Tuesday, 10 April 2018

Friday, March 23 2018 Taboga Island


This was taken from the TV screen in our cabin.

The island was discovered in the 16th century and was originally named Isla de San Pedro by the Spanish explorer, Vasco Nunez de Balboa.   Its current name derives from an Indian word aboga ("many fish"). The island's first settlers were Indian slaves from  Venezuela and Nicaragua.

Some hardy members of our travel group decided to hike to the top of the mountain/hill on Taboga Island. Needless to say, we were not in that group. The photos are courtesy of the staff. 


Joyce, from Bend, Oregon, centre, with Ralph and Jann, from Minden,  Nevada


Cerro de la Cruz: at about 1000 ft. this twenty foot cross remains stand- ing, it was originally placed by the Spanish in the 16th century, later rebuilt. The cross was said to have been first placed by a priest who was sent away from the mainland on a raft to starve and be killed by wild beasts. He came ashore on Taboga and built a cross in thanks to God for saving him, it was said he placed a lantern on the cross to guide others in their journeys. 


The view from the top
The rest of us enjoyed a walk through the town.
A pretty little plaza where we could leave our water shoes and PFDs.

I saw an interesting trail of leaf-cutter ants at the base of a large tree. All the bits of green leaves and red flowers are being hauled away to the nest. Fascinating! And I don't even like ants. We battle them every summer in our yard.


If you are interested in more information about leaf-cutter ants, I found two videos online. The first is an excellent little video showing a group of tourists watching the ants at work.


The second video has information about how the ants feed the leaves and flowers to a fungus in their nest, and use the 'juice' that the fungus produces to feed the colony. Don't watch it if you are squeamish about ants, but it's very good, and not too long.


Back to the people...
Our group  - staff photo
Our group leader, Simona, from Italy,
with Greg and Cecilia, from Winter  Park, Florida on the left,
 and Nancy and William, from Pagosa Springs, Colorado, on the right.
This is really beachfront property!
A pretty little house, with pop cans and bottles decorating the stone wall.
A lovely doorway
A warm welcome from the locals
Street art
                                     




Panama played a small but significant part in the life of Paul Gaugin. Gauguin lived in Isla Taboga.  Virtually penniless, he had left his wife and five children in Paris to try and make a name for himself as an artist. En route to Martinique, he stopped off at the Isthmus of Panama in 1887. While here he worked as forced labour on the early, disastrous, French attempt to build the Panama Canal. 


During his time in Panama he became extremely ill, and spent time in a Yellow fever and Malaria Sanatorium on Isla Taboga. Nothing remains to bear witness of his stay here apart from a vibrant plaque, donated in 1995 by the French Embassy of Panama.




This church is the Iglesia San Pedro, (St. Peter's Church), the second oldest church in the western hemisphere, built in 1524.


staff photo - I like the basketball hoop in the plaza.
Pat, in the green shirt, and Jerry, at far right, from Ohi0
Most of the church's statues were covered with purple fabric, as it was a week before Easter.

Curious to see what it might have looked like, I found this photo on TripAdvisor.  Stunning!
The stairway to the tower.

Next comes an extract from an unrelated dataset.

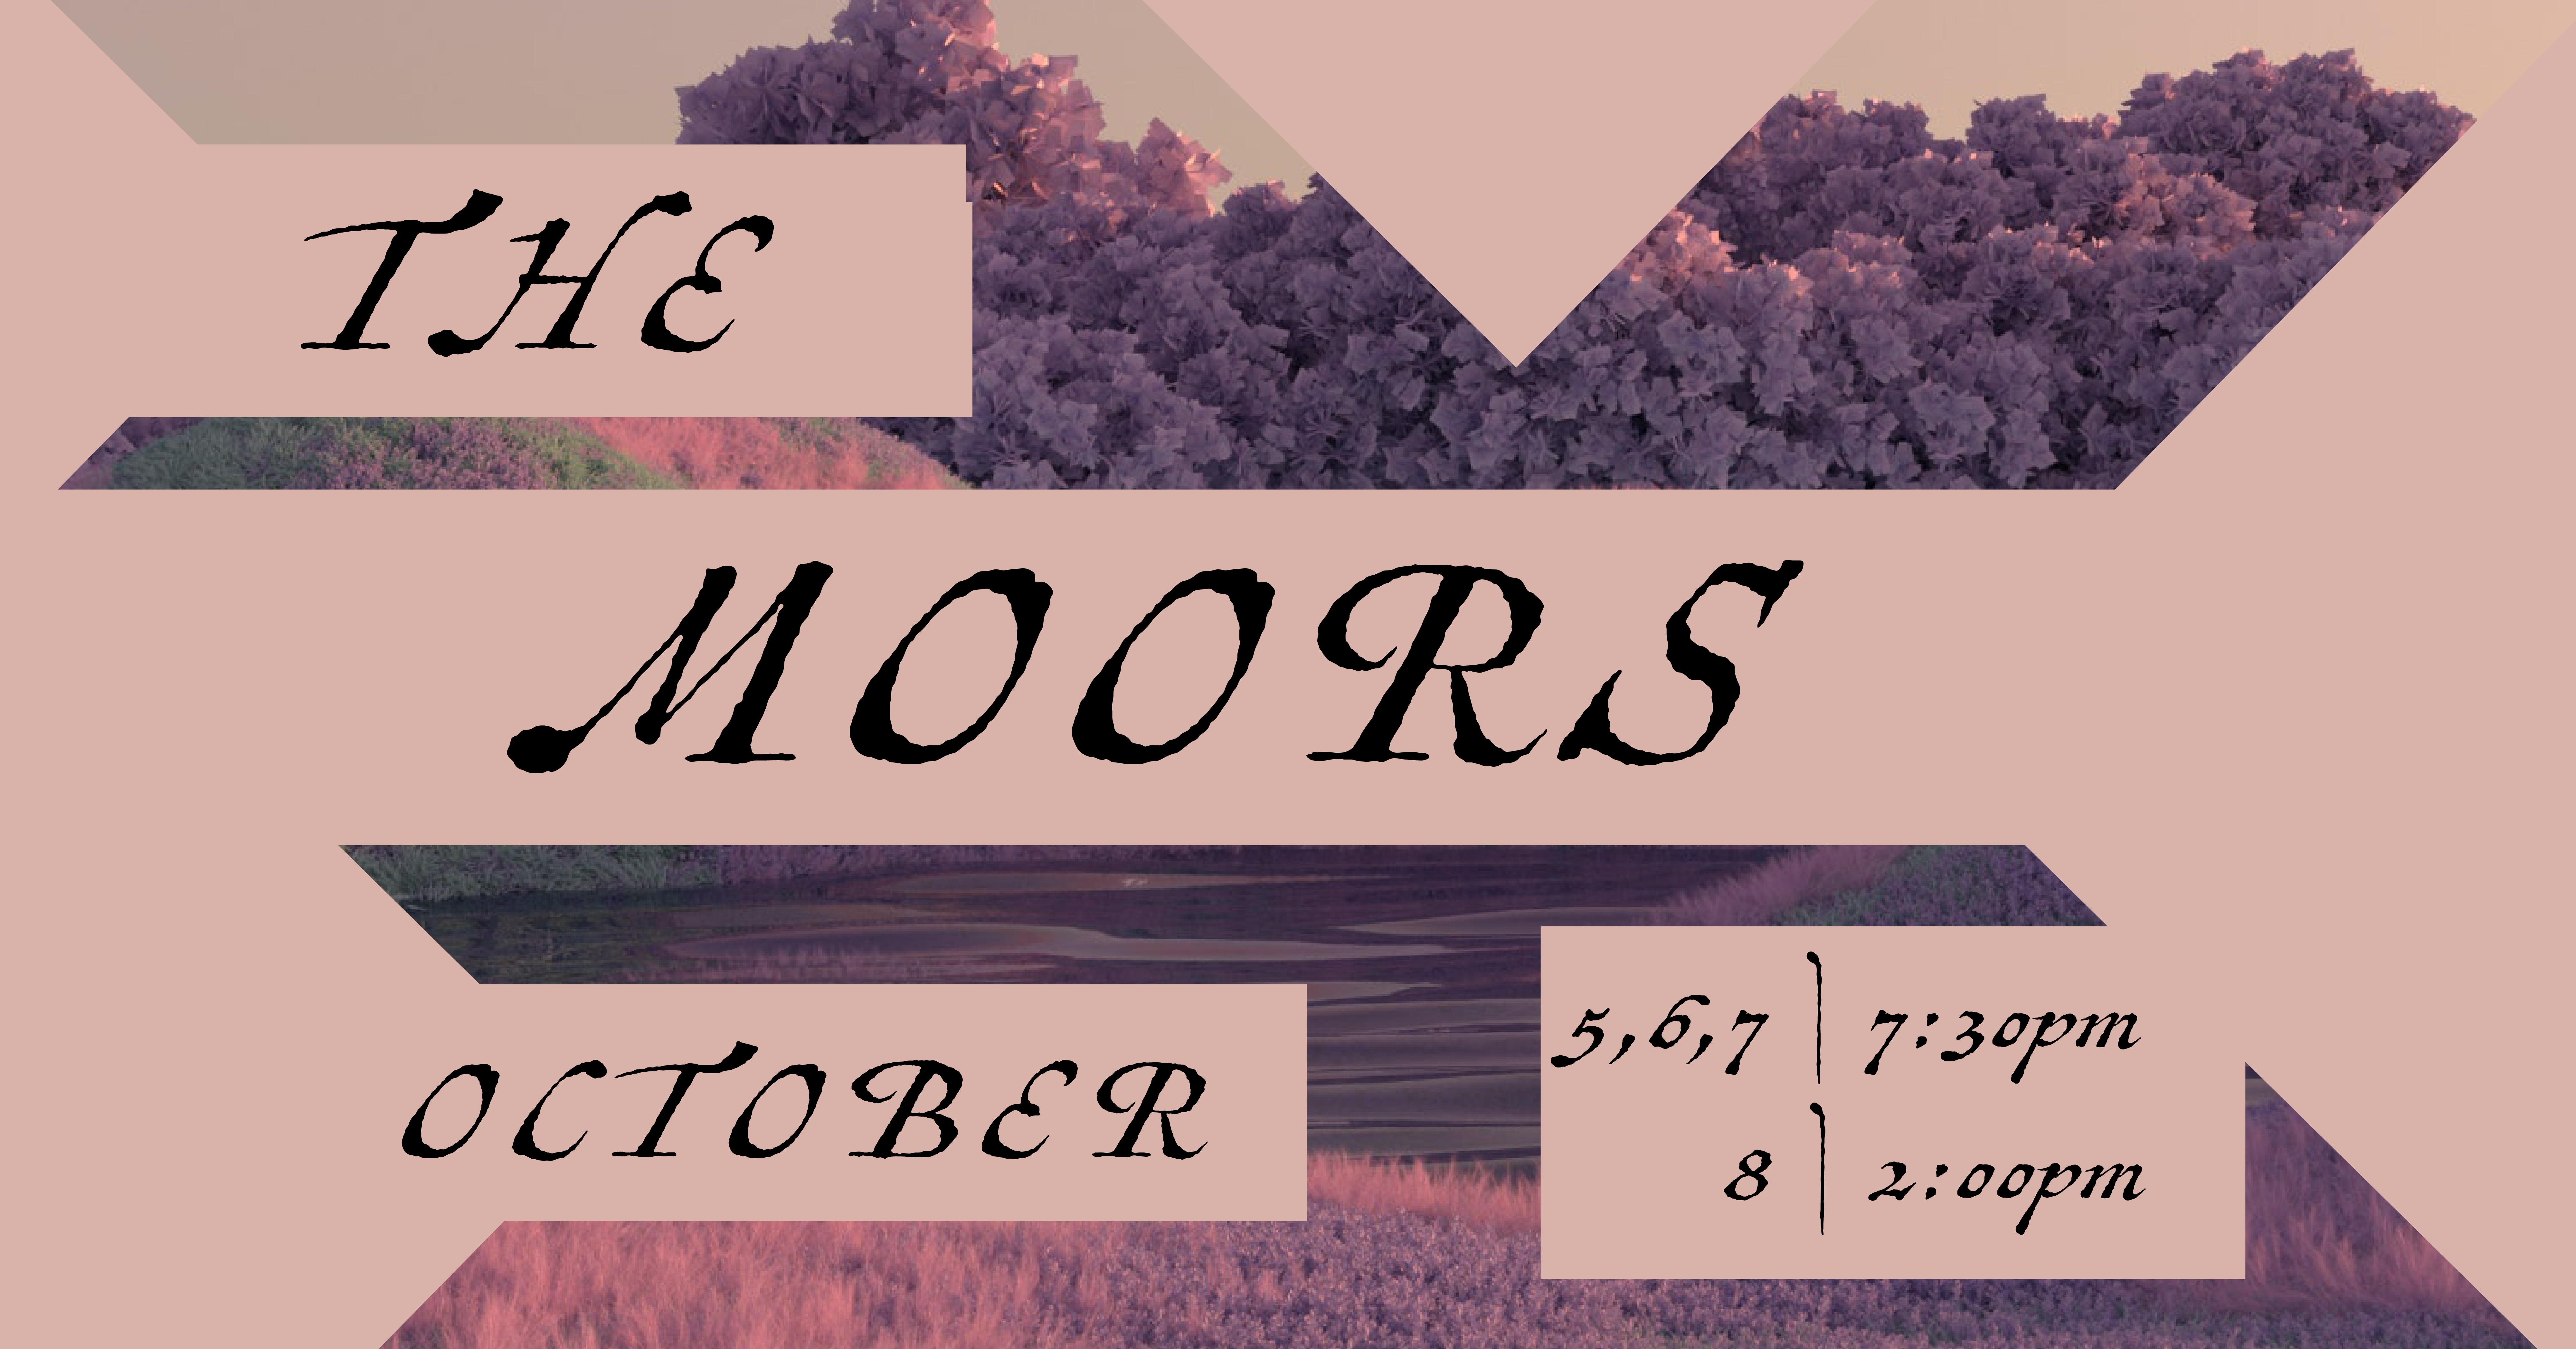 Poster of a pastoral season with mauve cut-outs that say "The Moors, October 5,6,7 at 7:30pm and October 8 at 2:00pm."

It looked very tiny.
Detail of padlock below.


Beautiful tiles on the plaza outside the church.
There were a number of street icons, ranging in size from this one, at the end of the street, to the little egg-shaped version by the side of the road. 

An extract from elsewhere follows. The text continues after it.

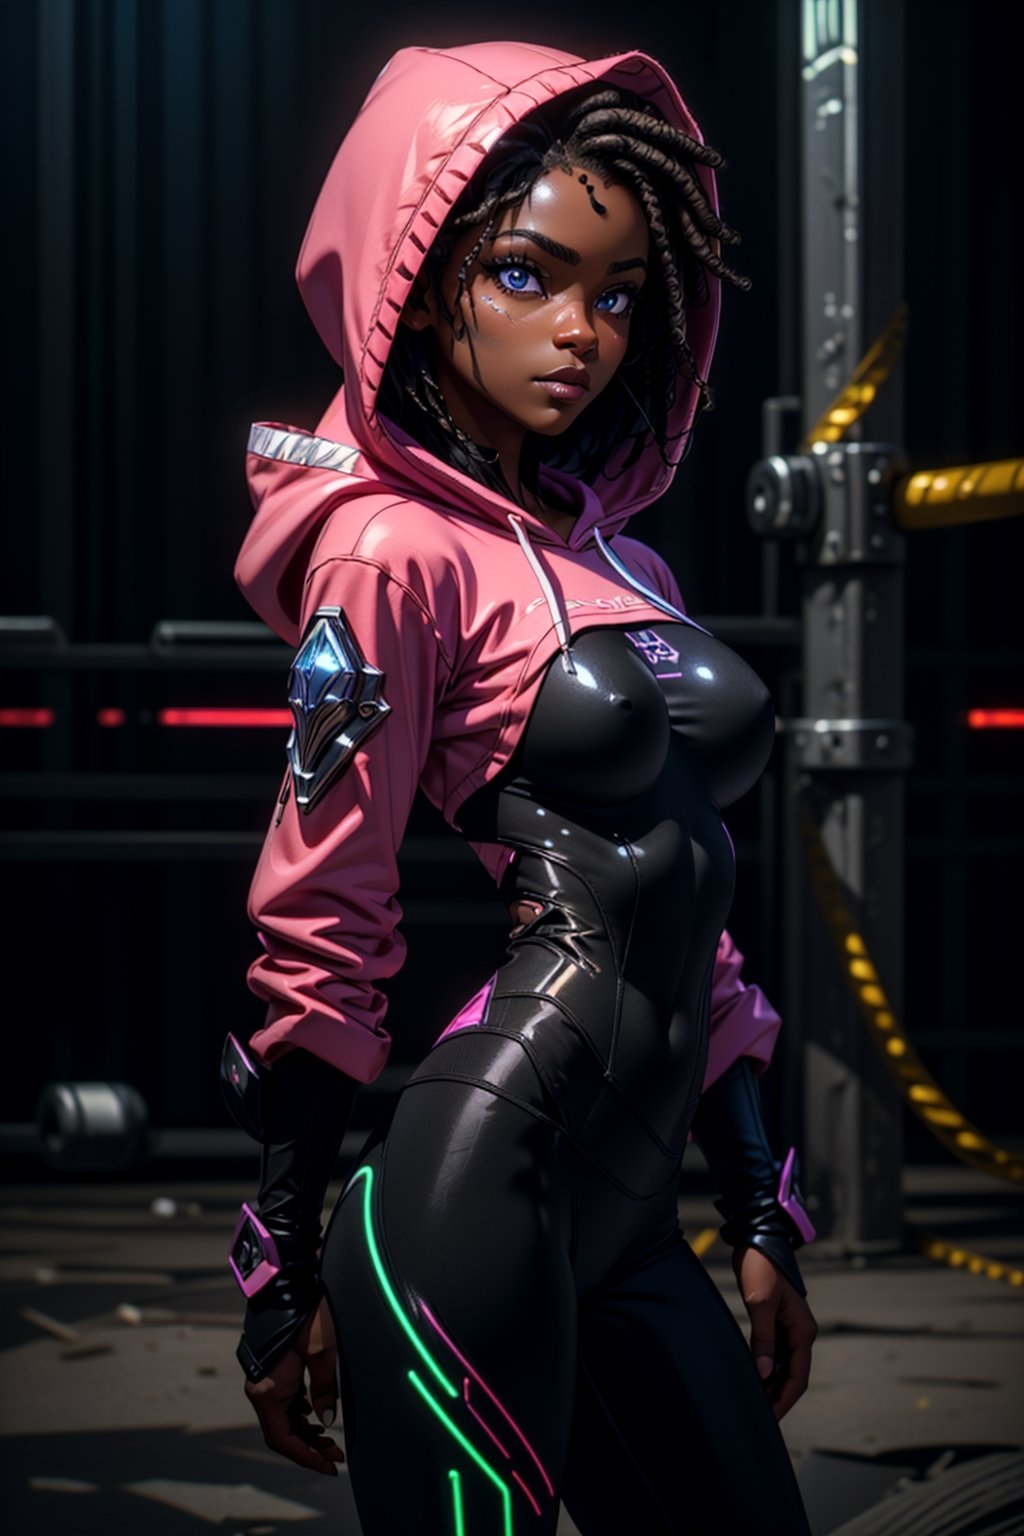 (1girl), ((vigilanty, hoodie, leggings, neon lights, Arora clothes, bodysuit:1.3)), (side view, muscular, fit, cyberware, Armor), ((large Breasts, rounded breasts:1.3)), (accentuated hip), (large pelvic, big ass), ((narrow waist, curvy waist:1.2)), ((slim, skinny waist, slender body:1.2)), (fighting pose:1.2), dreadlocks hairstyle, colour streaked hair, highlights, seductress, tempting,masterpiece, best quality, ultra highres, depth of field, (cinematic lighting:1.2), (detailed face, detailed eyes:1.2), (detailed lips, rose lips:1.2), (detailed background:1.2), (battle field, post war:1.2) (masterpiece:1.2), (ultra detailed), (best quality), intricate, comprehensive cinematic, scientific photography, (gradients), colorful, detailed landscape, shiny skin, looking_at_viewer ,perfecteyes,mecha musume,(ebony skin:1.5)

There was even one in the bay. - staff photo
Of course the flowers throughout the town were lovely. 
Staff photo
Staff photo
The remainder are my photos. Such gorgeous colours!






After touring the town, we headed for the beach area.

 

Decoration on the porch of a home near the beach.
James and Joyce, from Bend, Oregon
A pretty hotel that has appears to have closed. 

Patient staff waiting for our return to the ship by skiff.

A resting place for sea gulls, with our ship in the background.
Andrew and his mother, Helen, were often our dining partners. We enjoyed their company.
Tim. went out of his way to make the cruise enjoyable, even getting us recipes!